Malgré quelques retours en arrière ― le style figuratif et paysagé de Willi Gunthart par exemple (cf. les publicités pour les pesticides agricoles) ― le studio Geigy ne cesse d’innover dans sa manière de promouvoir et d’informer. La tendance suit le style suisse (créé dans les années 1950 par Emil Ruder et Armin Hofmann autour de la jeune Ecole de design de Bâle) et va vers une synthèse des formes. Une stylisation du trait que l’on retrouve avec les insectes d’Andreas His ou les fourmis noires sur fond rouge de Karl Gerstner.

Chez Harry Böller, l’un des anciens étudiants d’Emil Ruder, la typographie prend un rôle dominant et supplante peu à peu le dessin. En 1964, sa publicité pour le médicament Insidon se réduit à un assemblage de lettres décroissantes, qui disparaissent progressivement à l’image de la maladie à soigner.

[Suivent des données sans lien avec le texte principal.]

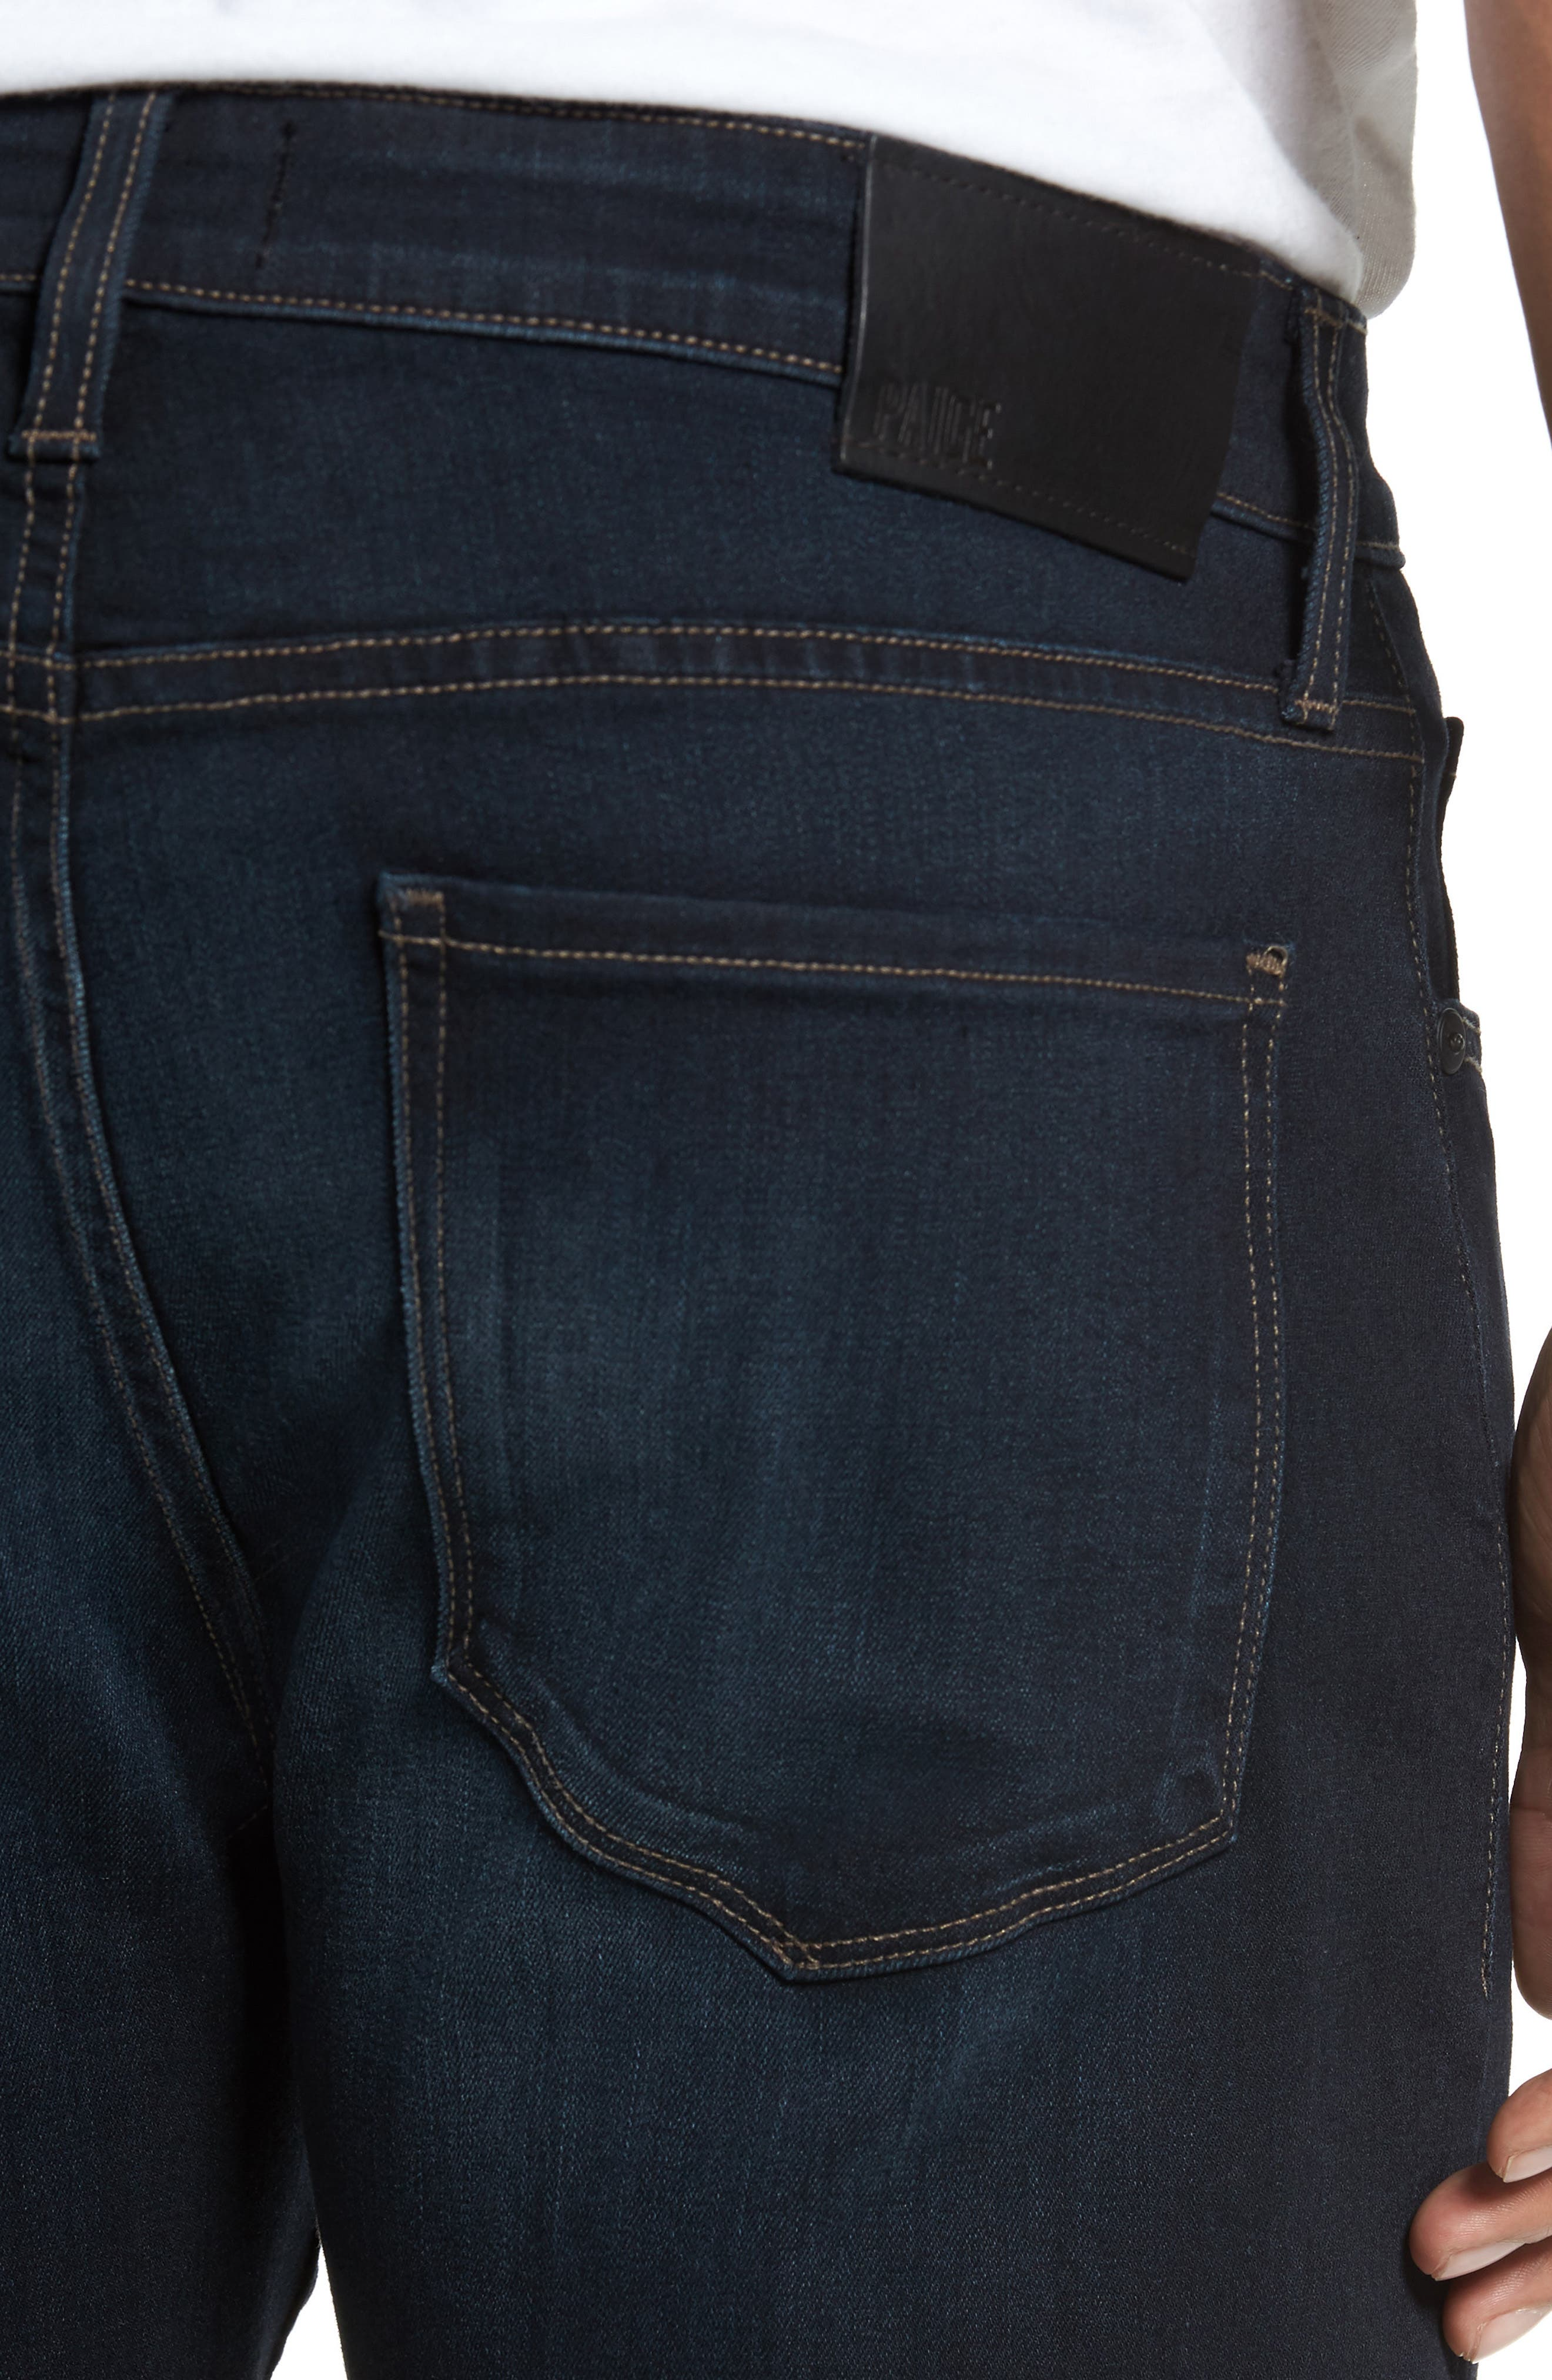 Transcend - Lennox Slim Fit Jeans,                             Alternate thumbnail 4, color,                             400

Enfin, une partie de l’exposition est consacrée aux emballages pharmaceutiques, qui feront date dans l’histoire du graphisme comme un exemple réussi de normalisation. Sous la direction de Max Schmid, toute la gamme visuelle est remaniée avec des couleurs vives, des éléments géométriques, une police de caractère sans serif et asymétrique ― là encore, conformément au style international suisse. Désormais, les boites sont divisées en deux zones bien distinctes, l’une pour la couleur associée au produit, l’autre pour le nom de ce dernier. Le packaging des insecticides et des pesticides (Gerasol, Gesarex, Gesin) seront revisités par Andreas His dans le même esprit.

Geigy et après?

Si on aime les incursions pop et/ou psychédéliques des designers de la filiale américaine (car l’entreprise fait des petits en Angleterre, à Manchester, mais aussi aux Etats-Unis), le graphisme de Geigy est surtout remarquable par son homogénéité. «L’unité dans la diversité » comme le proclame la firme. On y comprend la genèse du style suisse et son impact sur la création actuelle. Et cela nous donne une occasion de réfléchir à notre production nationale: existe-il un graphisme français? C’est justement la question que se posent les intervenants (sociologues, institutionnels et journalistes) au Lieu du design, le 7 décembre 2010, lors d’une conférence à l’occasion de la Biennale du design de Saint-Etienne. Profitons en…

Markus Löw pour Geigy
— Acaralate 2 E/Geigy? US/US, ca.1967. Boîte Offset. 26 x 16.9 x 11.6 cm. Collection du Museum für Gestaltung Zürich.
Herbert Leupin pour Geigy
— Trix, slogan «Trix…pas de trous de mites», 1952. Affiche. Lithographie. 127 x 90 cm.
Karl Gerstner pour Geigy
— Affiche pour l’insecticide Neocid, 1953.
Harri Boller pour Geigy
— Etiquette du médicament Insidon, harmonisant psychovégétatif, 1964.
Max Schmid pour Geigy
— Emballage pharmaceutique pour le médicament Desogen, 1950.